Reputation: 71
I apologize if this question is a bit vague or just plain stupid, I am still very much a novice.
I need to extract information from a web log file in c++. The string manipulations are relatively, accessing the data in a timely fashion isn't. What I am doing currently
string str;
ifstream fh("testlog.log",ios::in);
while (getline(fh,str));
From here I get the useful data from the string. This works fine for a log file with 100 entries, but takes forever on a log file with million+ entries.
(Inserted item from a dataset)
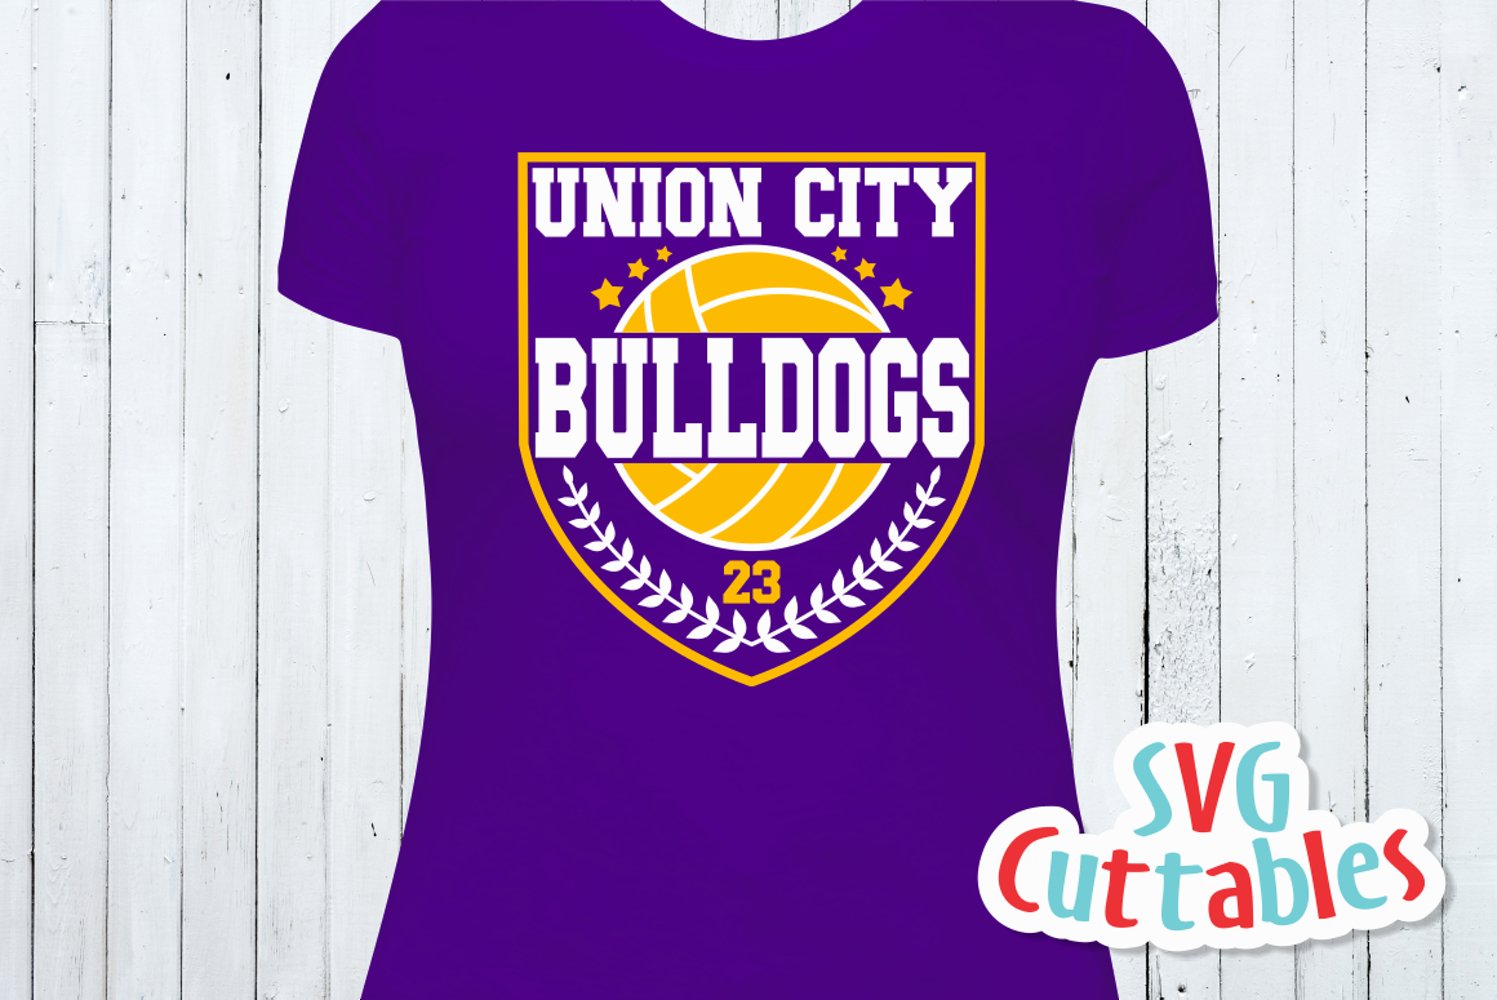 Volleyball purple t-shirt design.

Any help would greatly be appreciated
Upvotes: 5
Views: 3763
Reputation: 392833
@Errata:
are you sure, that your code would be faster than say:
std::ifstream in("test.txt");
in.unsetf(std::ios::skipws);
std::string contents;
std::copy(
std::istream_iterator<char>(in),
std::istream_iterator<char>(),
std::back_inserter(contents));
Also, the OP wants linewise access, which would conveniently be done:
std::ifstream in("test.txt");
in.unsetf(std::ios::skipws);
size_t count = std::count_if(
std::istream_iterator<std::string>(in),
std::istream_iterator<std::string>(),
&is_interesting);
std::cout << "Interesting log lines: " << count << std::endl;
of course define a predicate, e.g.
static bool is_interesting(const std::string& line)
{
return std::string::npos != line.find("FATAL");
}
Upvotes: 1
Reputation: 71
After wasting hours and hours of my time, I compiled the same code in Quincy2005 instead of Microsoft Visual studio. The result was dramatic. From a 40min execution time to 1 min. The some improvement can accomplished in Microsoft Visual Studio by passing a pointer of the filehandler to the getline function. On a Linux based system it takes about 40 sec to execute. I cursed Microsoft for a good 40 min for wasting my time.
Upvotes: 2
Reputation: 640
Here the fastest way I found to extract a file :
std::ifstream file("test.txt", std::ios::in | std::ios::end);
std::size_t fileSize = file.tellg();
std::vector<char> buffer(fileSize);
file.seekg(0, std::ios::beg);
file.read(buffer.data(), fileSize);
std::string str(buffer.begin(), buffer.end());
Yet, if your file is really that big, I strongly suggest you to manipulate it as a stream...
Upvotes: 1
Reputation: 96233
I really suspect that I/O is hurting you more than ifstream
here. Have you checked to see that you're actually CPU bound? Most likely you're having disk and cache locality issues.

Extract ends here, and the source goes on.